In the TURBOMOLE calculations the large grid m5 (grid 4 for the SCF and grid 5 for the final energy evaluation) was applied for the numerical quadrature of the exchange-correlation energy, except for the reaction of cyclopropane with Ni for PWPB95 as well as for some DHDFs (1DH-BLYP, 1DH-PBE, PTPSS, PBE0-DH, and PBE0-2) in which the largest available (reference) grid was used. In all NWChem calculations, we used the XFine grid, as it is known that the M0X functionals are sensitive to the grid size.90 In the case of ORCA, the large grid 7 (no final energy evaluation) was used.

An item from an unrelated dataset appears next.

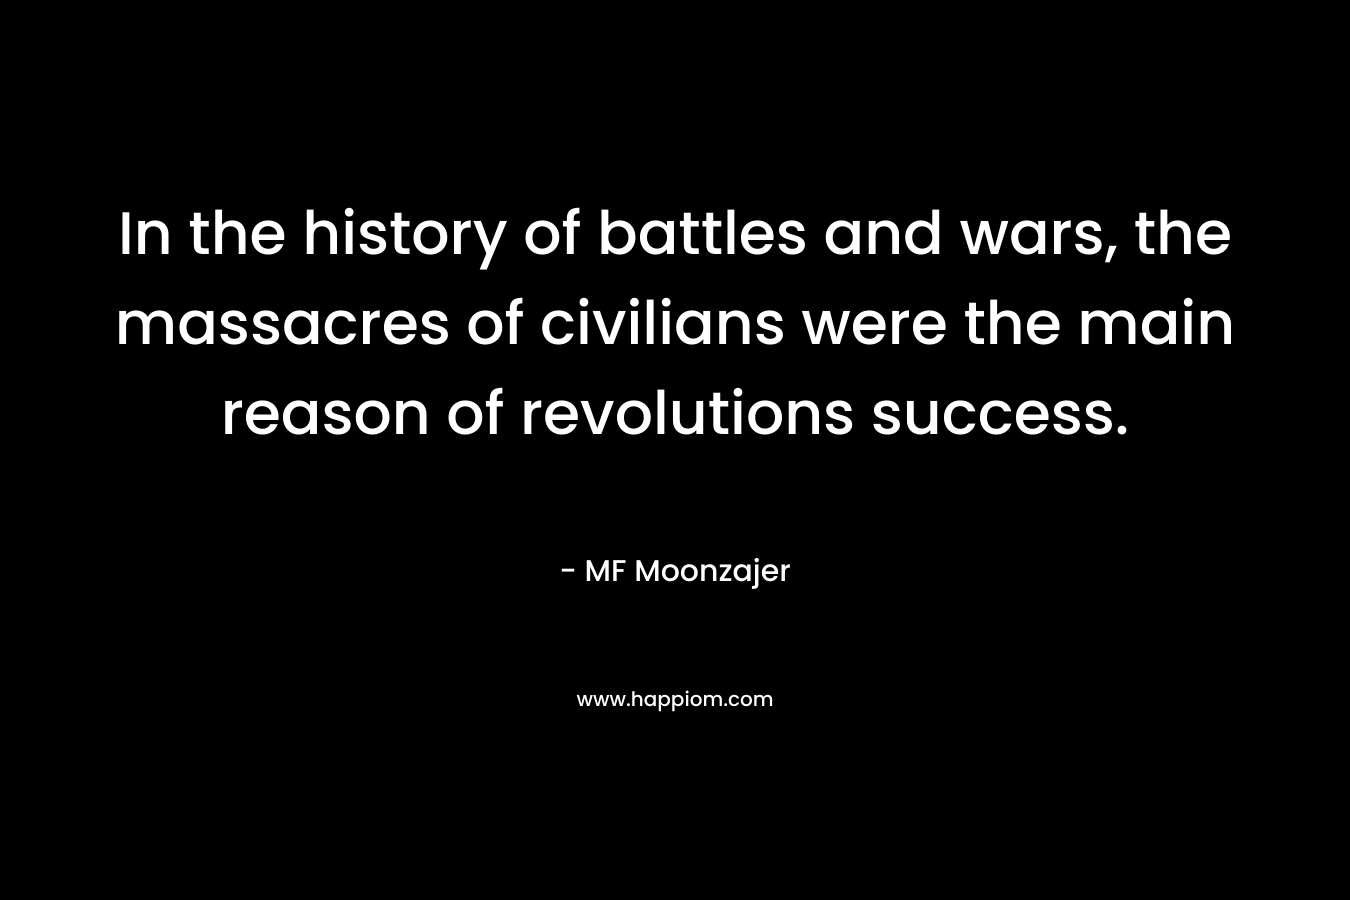 In the history of battles and wars, the massacres of civilians were the main reason of revolutions success.
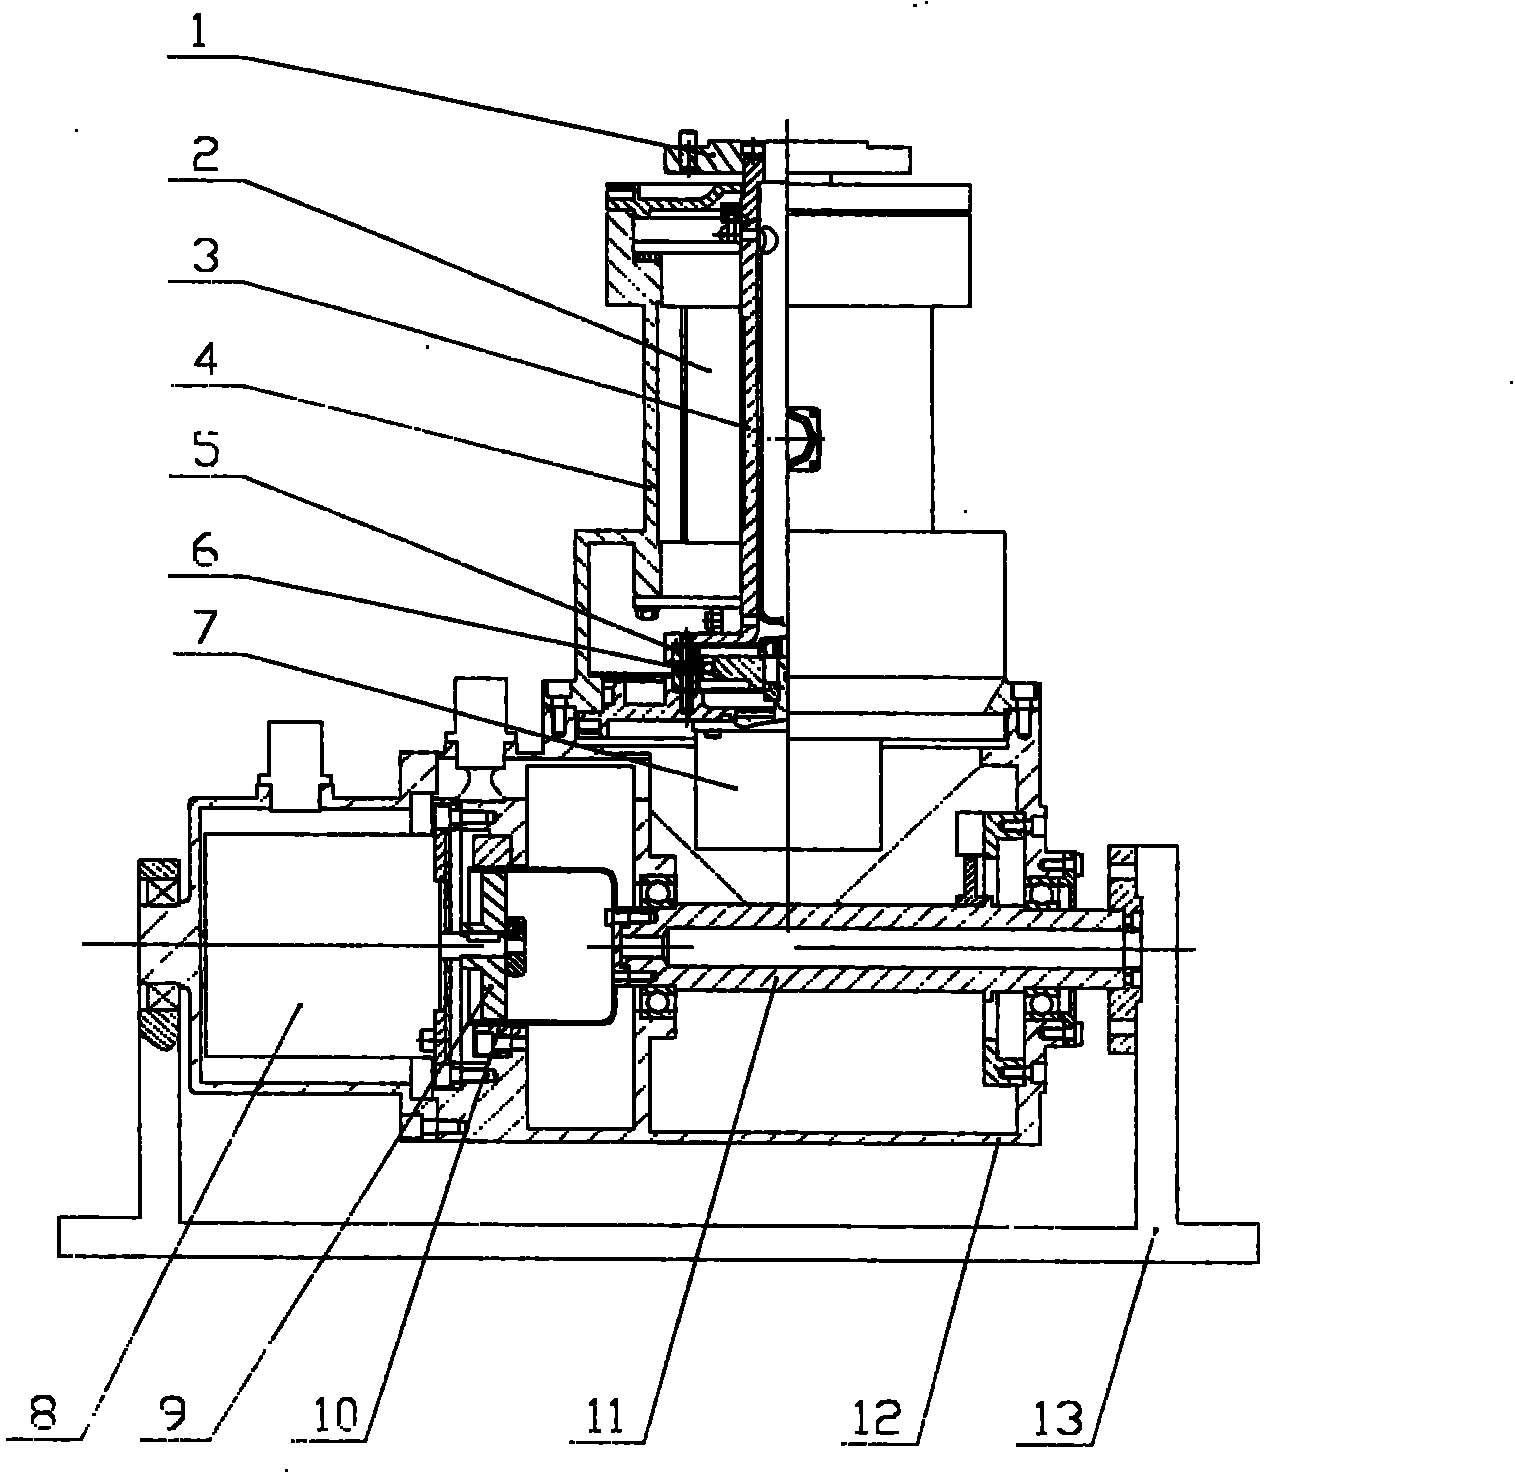 Solar cell array actuating device

As wave-function methods for comparison we chose Hartree–Fock (HF), MP2,68 and the spin-component-scaled versions69 SCS-MP267 and SOS-MP2.91 In the case of (SCS-/ SOS-)MP2, only the valence electrons were correlated.

Except for some DHDFs (1DH-BLYP, 1DH-PBE, PTPSS, PBE0-DH, and PBE0-2), in most of the TURBOMOLE calculations the RI for the Coulomb integrals (RI-J)92 and for the (double) hybrids for the exchange integrals (RI-K)93 was adopted as well. For the perturbative part of the DHDFs (and the MP2 variants) the RI approximation was used65 in all calculations. All auxiliary basis sets were taken from the TURBOMOLE basis set library.94 The estimated error of the RI approximation in all variants is completely negligible relative to other sources of error and on the order of 0.1–0.2 kcal mol−1 for the considered relative energies.

Additionally, we applied our atom pairwise dispersion correction DFTD-D3 (functionals are denoted with “-D3”)60 together with the Becke–Johnson (BJ) damping function.95

The estimated CCSD(T)/CBS reference values were obtained by using the cc-pVXZ (X=T,Q) basis sets96, 97 and subsequent extrapolation to the complete basis set (CBS) limit according to the procedure of Halkier et al.98, 99 For Pd the cc-pVXZ-PP (X=T,Q) sets and the Stuttgart–Dresden ECP ECP28 MDF were used.100 In the Pd calculations the 4s4p electrons and for Ni the 3s3p electrons were included for the correlation energy. In the case of the main-group elements only the valence electrons were correlated. The remaining core electrons were kept frozen.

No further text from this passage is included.